▸ **What you need to do**: Output the full listing below exactly; the images stay out.

▸ **Provided data**:
• • •
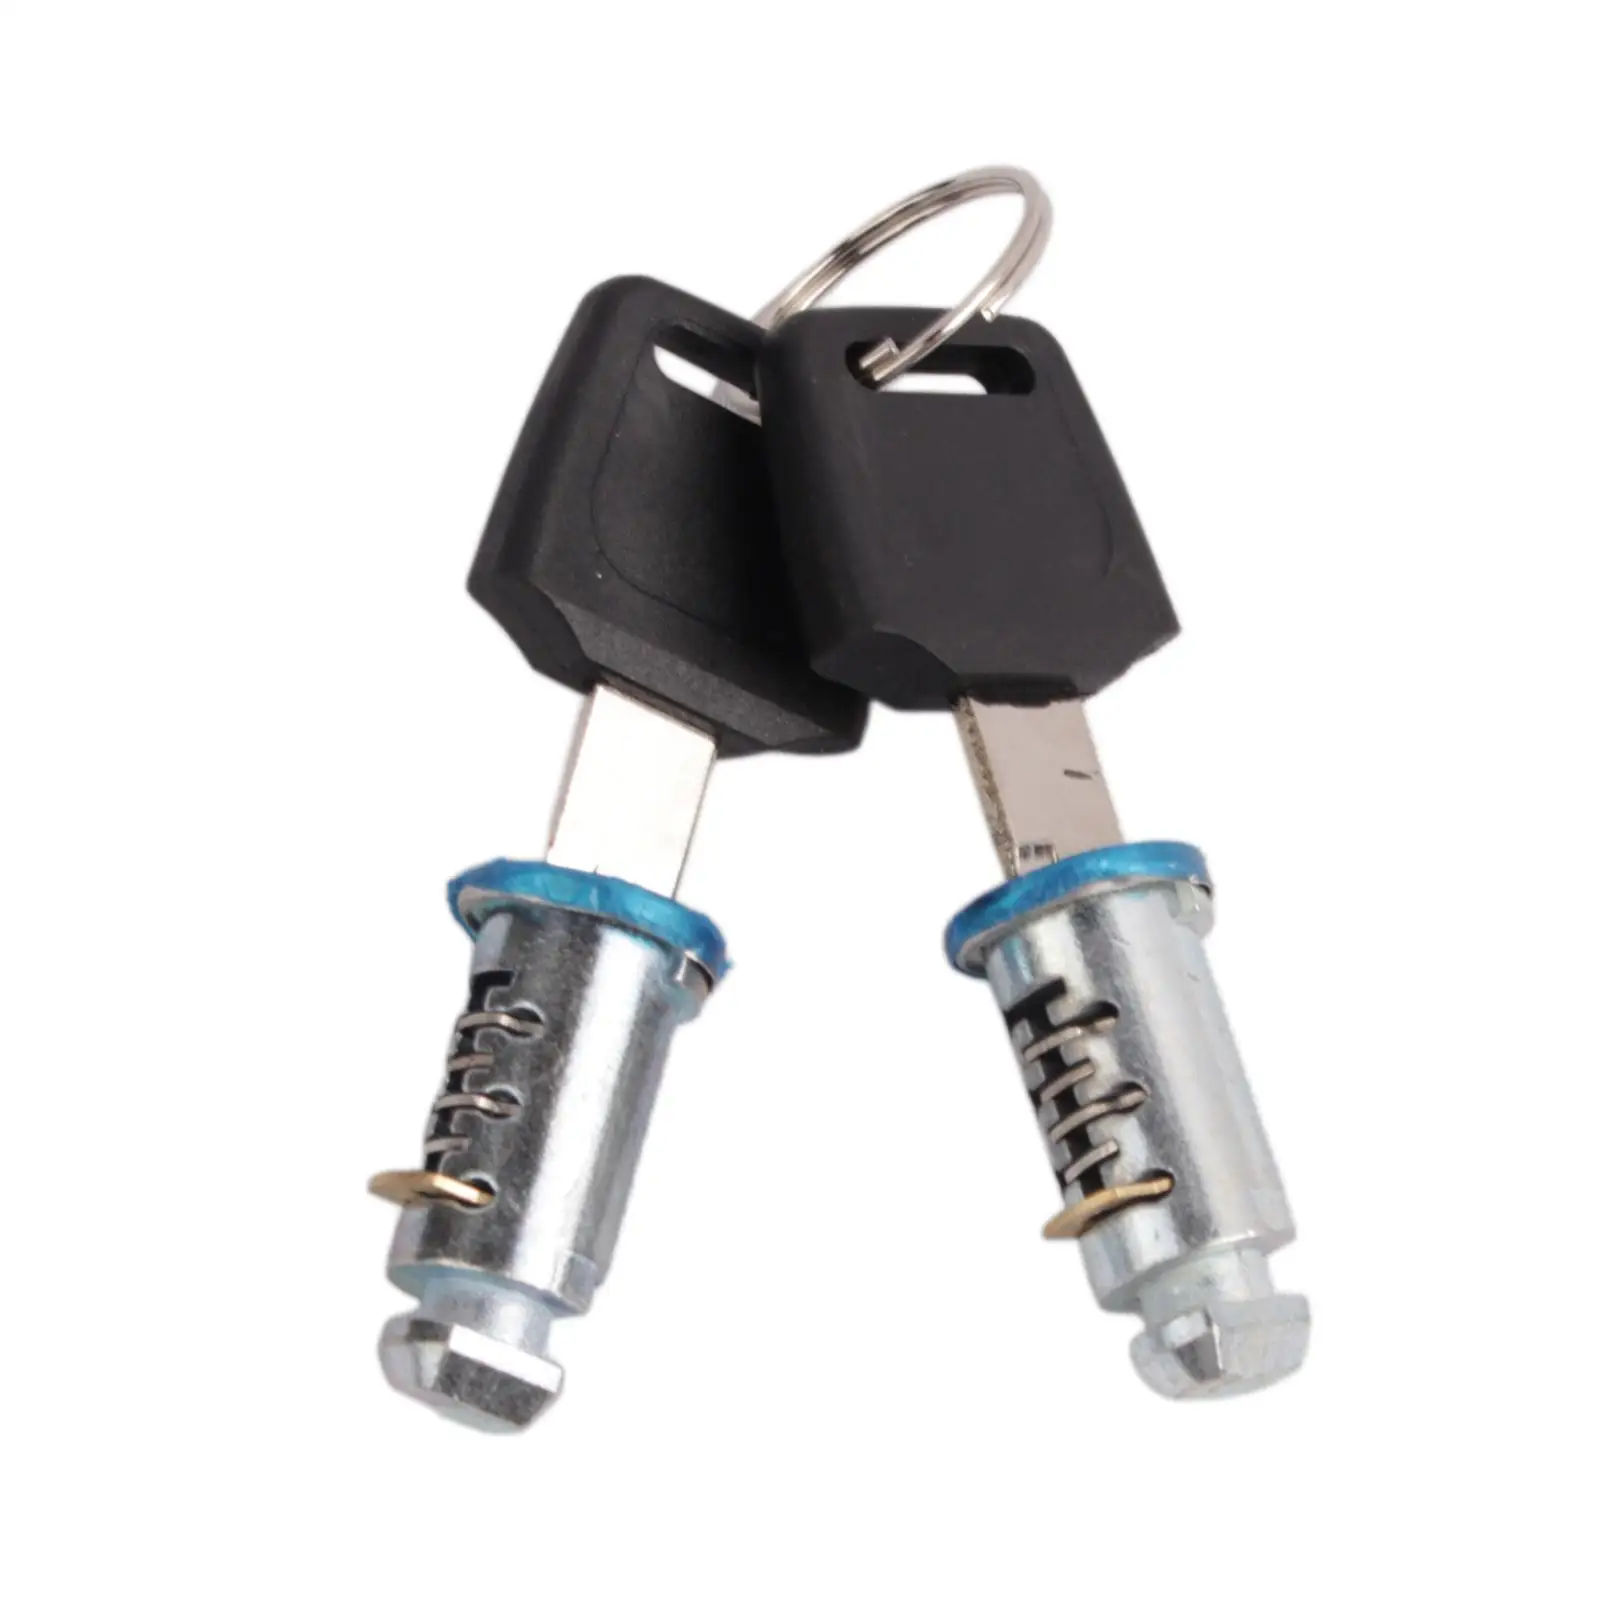 Serrature e chiavi per portapacchi da tetto kit chiavi di bloccaggio cilindro di blocco per accessorio per portapacchi portapacchi da tetto per auto
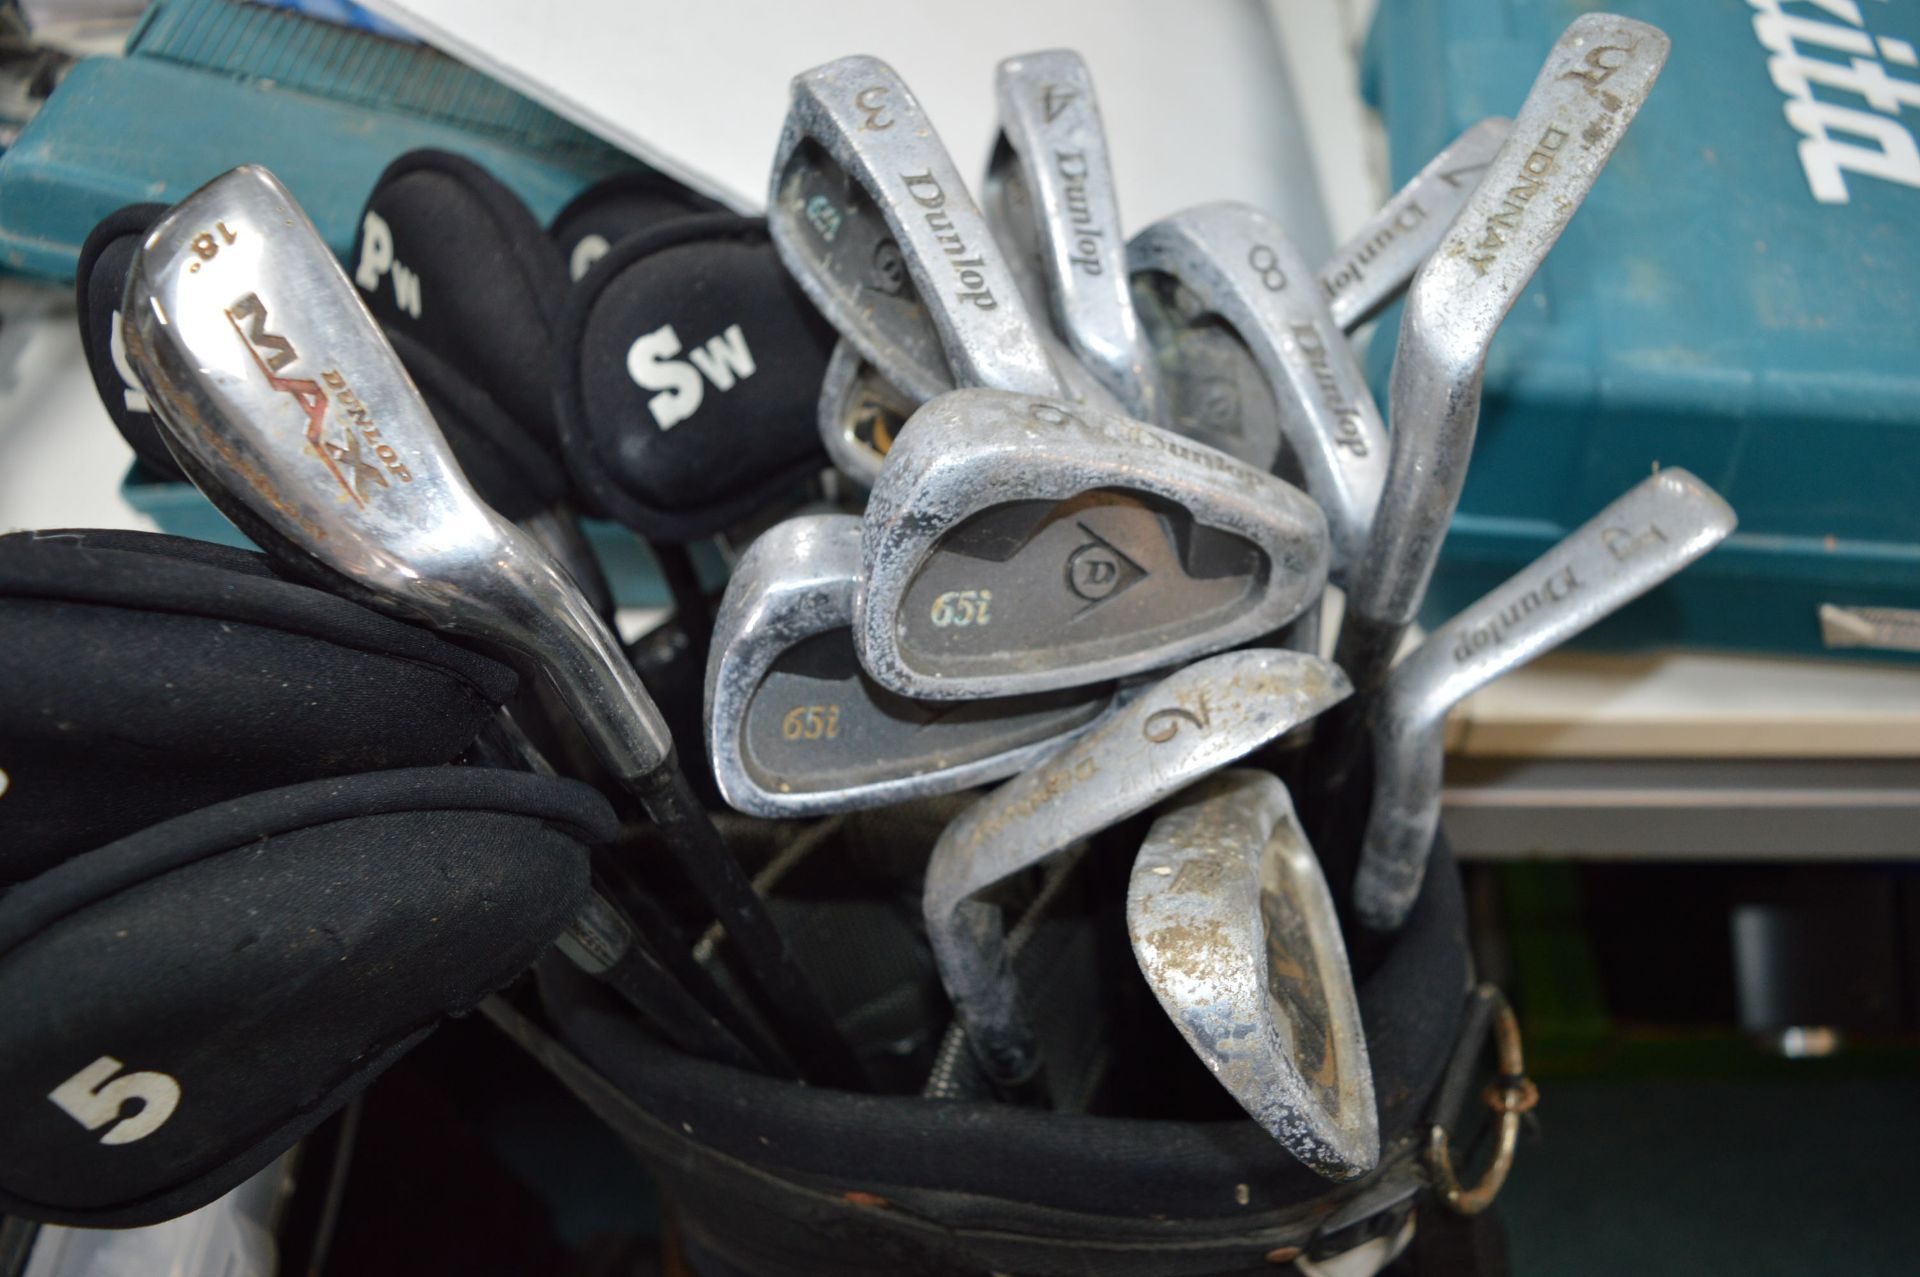 Dunlop Golf Bag and Assorted Golf Clubs - Bild 2 aus 2
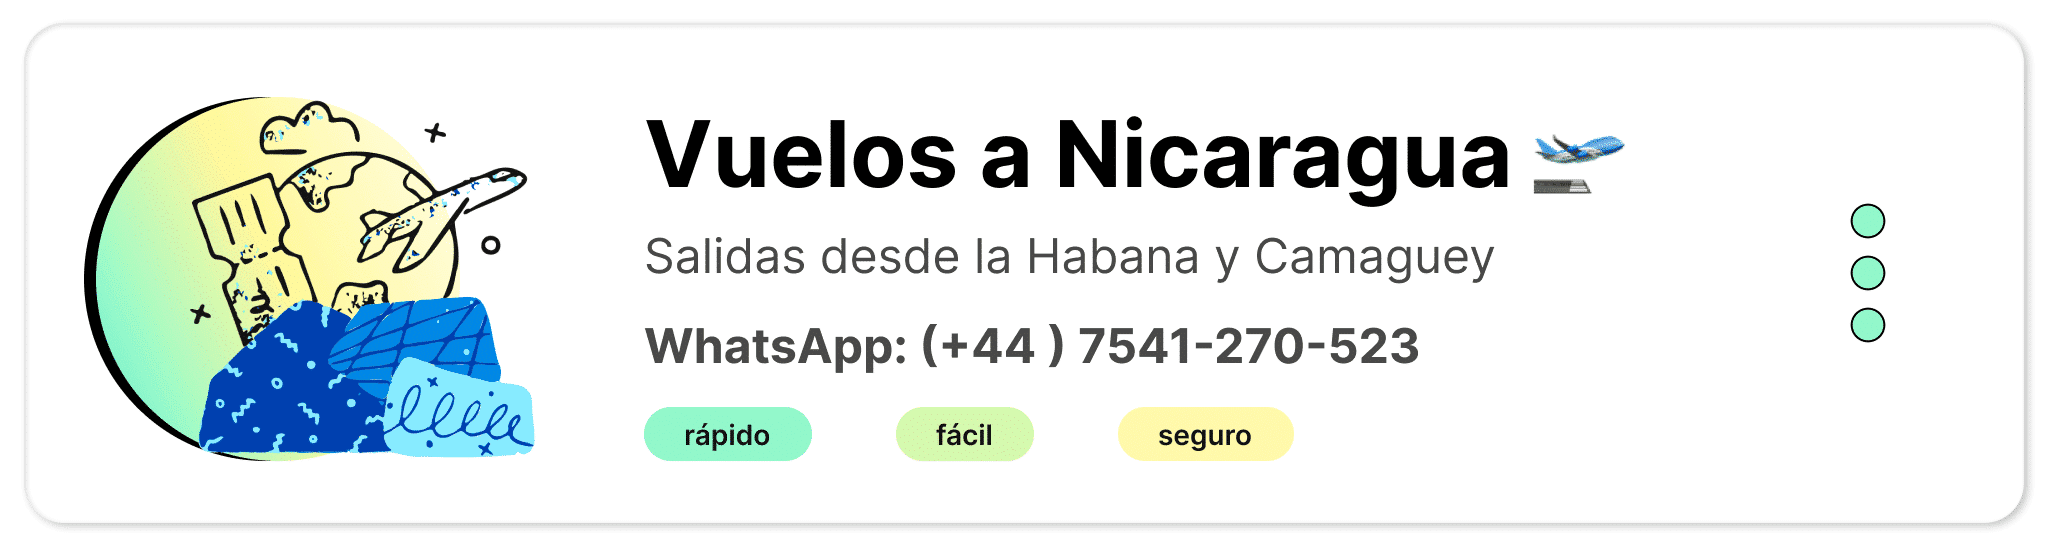 vuelos-a-nicaragua
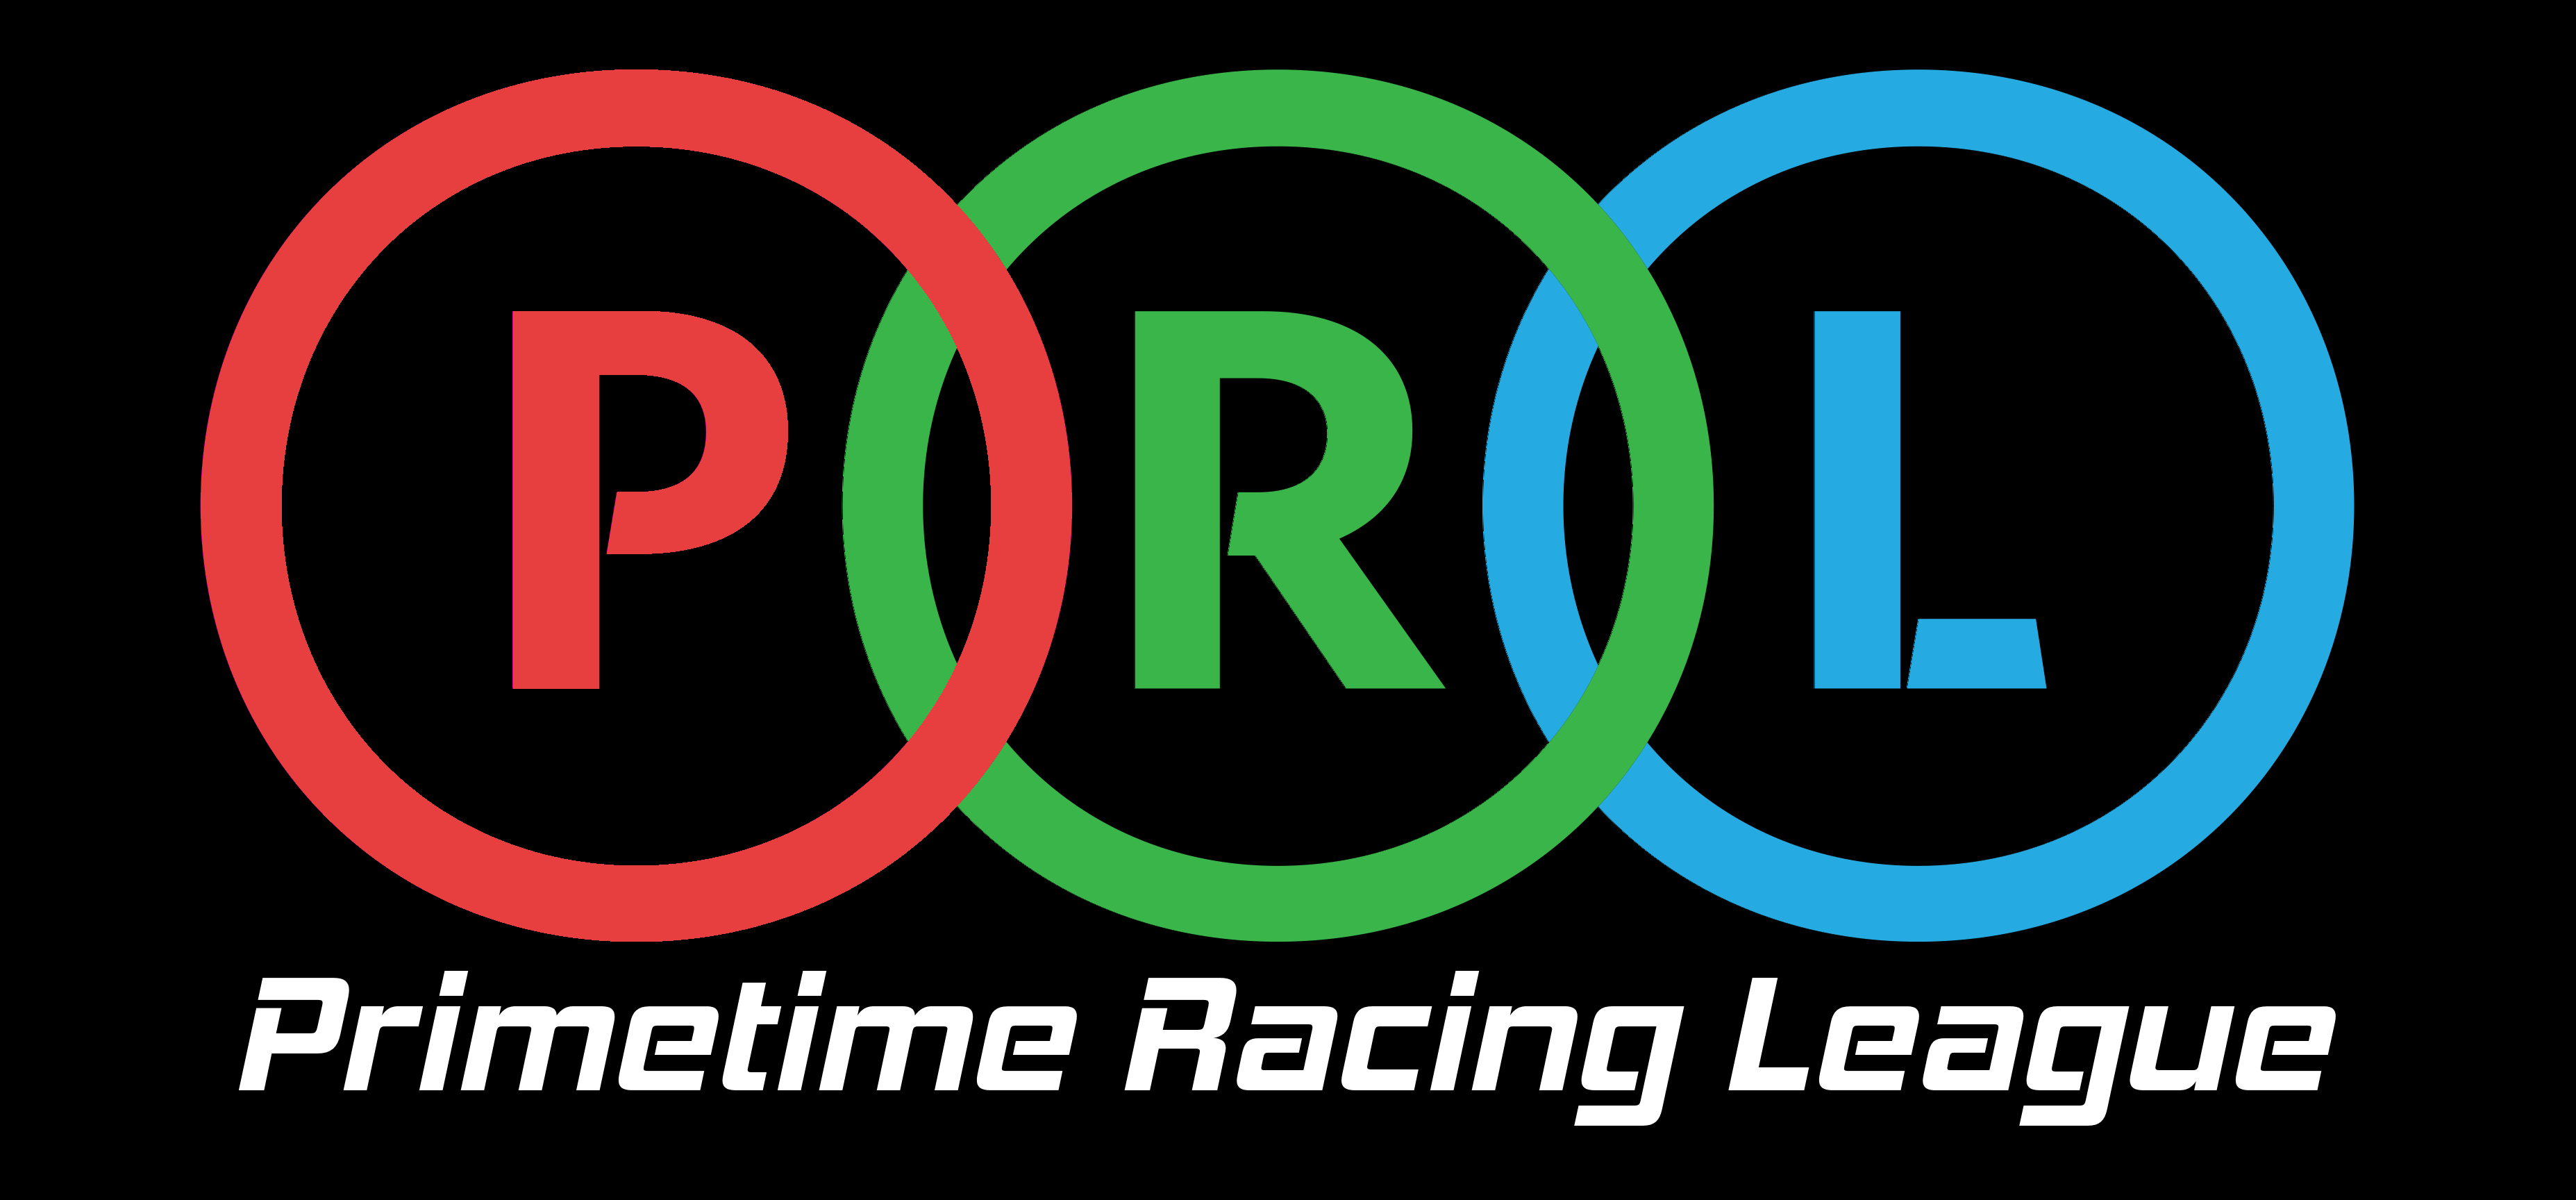 Primetime Racing League
• • •
▸ **Written solution**:
 Serrature e chiavi per portapacchi da tetto kit chiavi di bloccaggio cilindro di blocco per accessorio per portapacchi portapacchi da tetto per auto
 Dunlop Golf Bag and Assorted Golf Clubs - Bild 2 aus 2
 vuelos-a-nicaragua
 Primetime Racing League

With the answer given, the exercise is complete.